• INPUT DATA
= = = = =
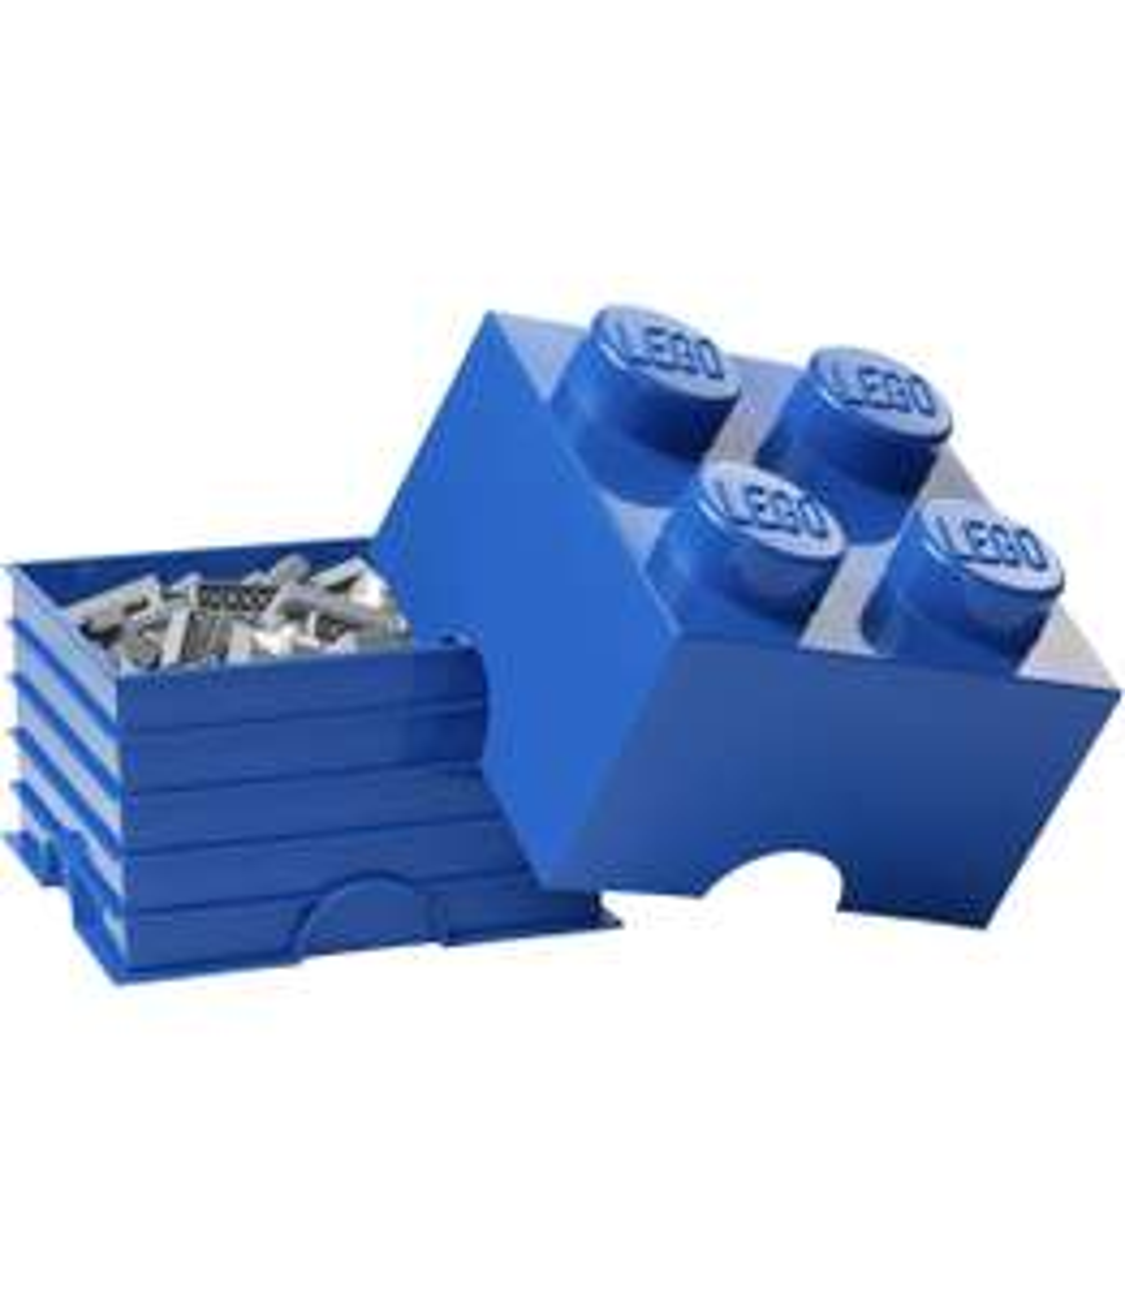 LEGO Brick 4 Knobs Stackable Storage Box, Blue, 5.7 Litre £8.99 Prime / +£4.49 non Prime @ Amazon
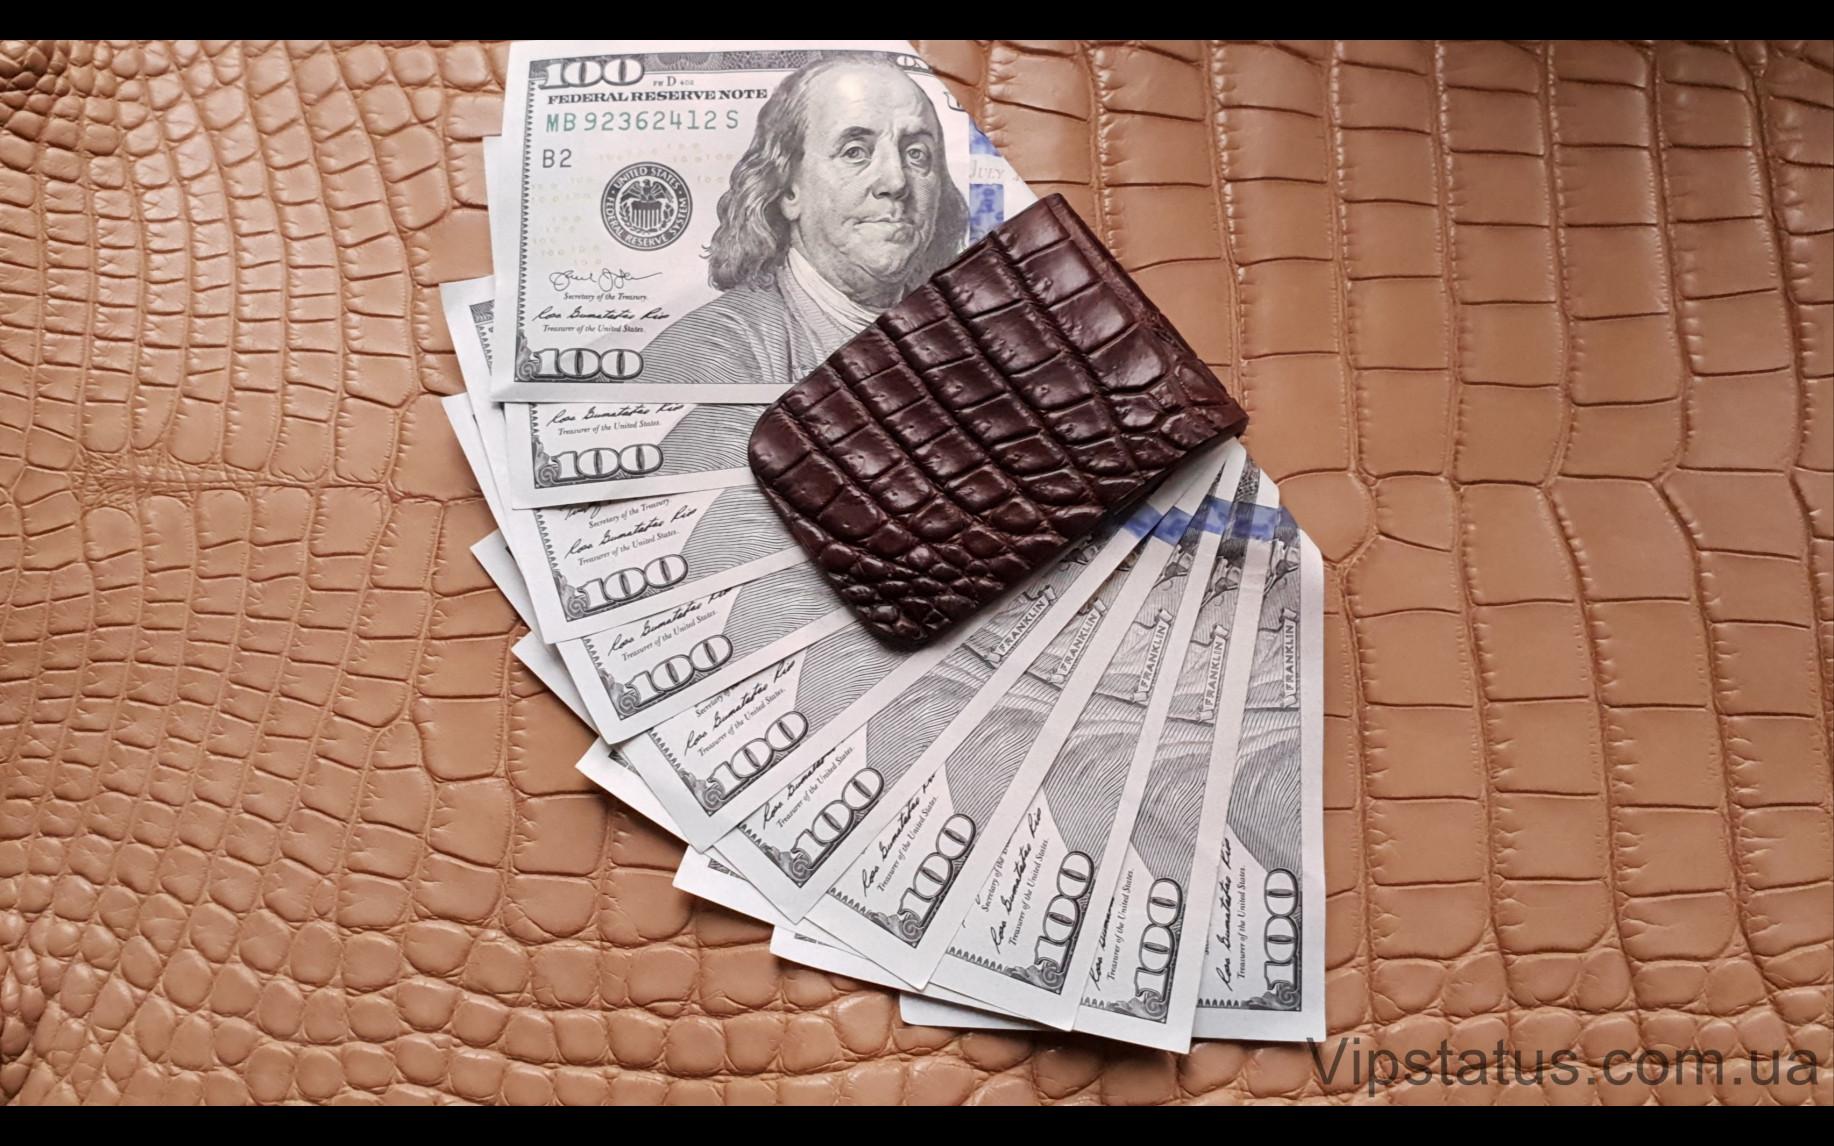 Elite Сhocolate Лакшери зажим для купюр Сhocolate Luxury bill clip image 3
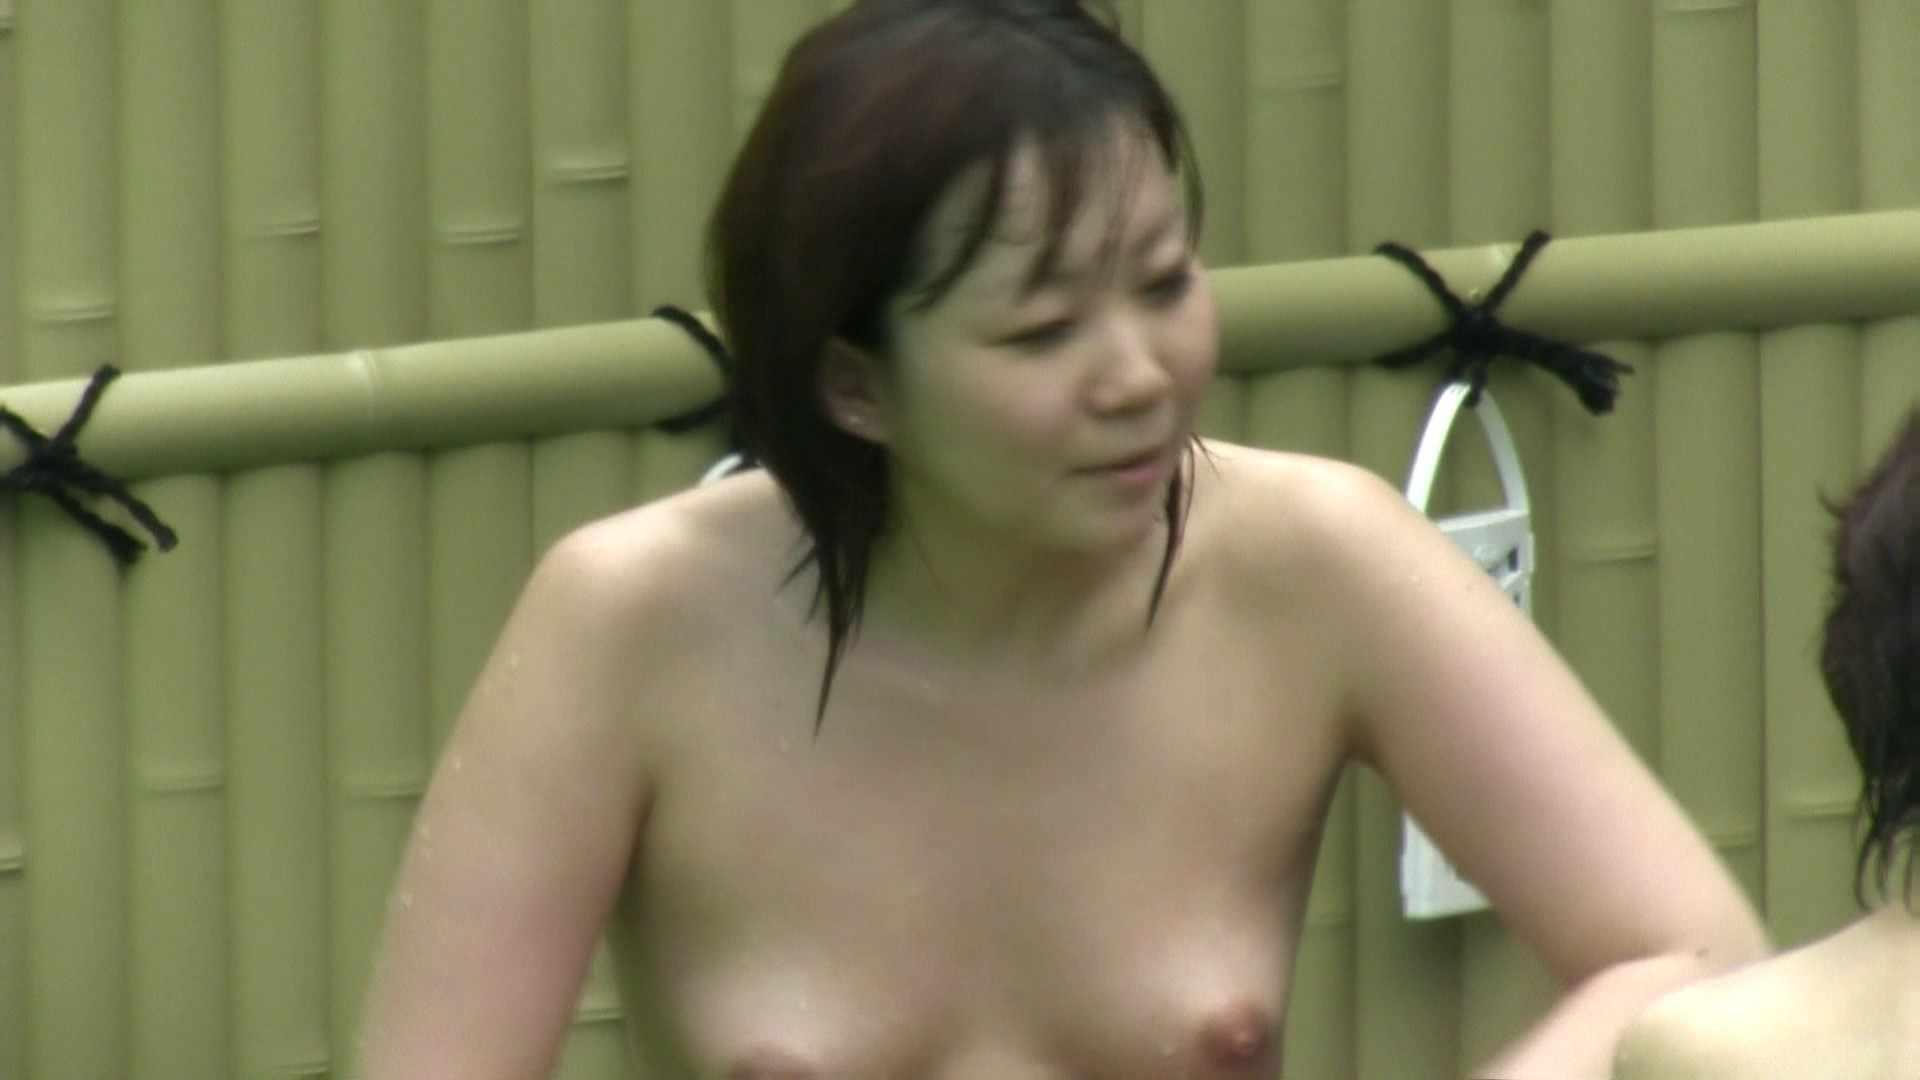 Aquaな露天風呂Vol.664 盗撮  70連発 63
= = = = =
• EXERCISE DIRECTIONS
Without the pictures, write out the entire listing exactly.

• TASK RESULT
 LEGO Brick 4 Knobs Stackable Storage Box, Blue, 5.7 Litre £8.99 Prime / +£4.49 non Prime @ Amazon
 Elite Сhocolate Лакшери зажим для купюр Сhocolate Luxury bill clip image 3
 Aquaな露天風呂Vol.664 盗撮  70連発 63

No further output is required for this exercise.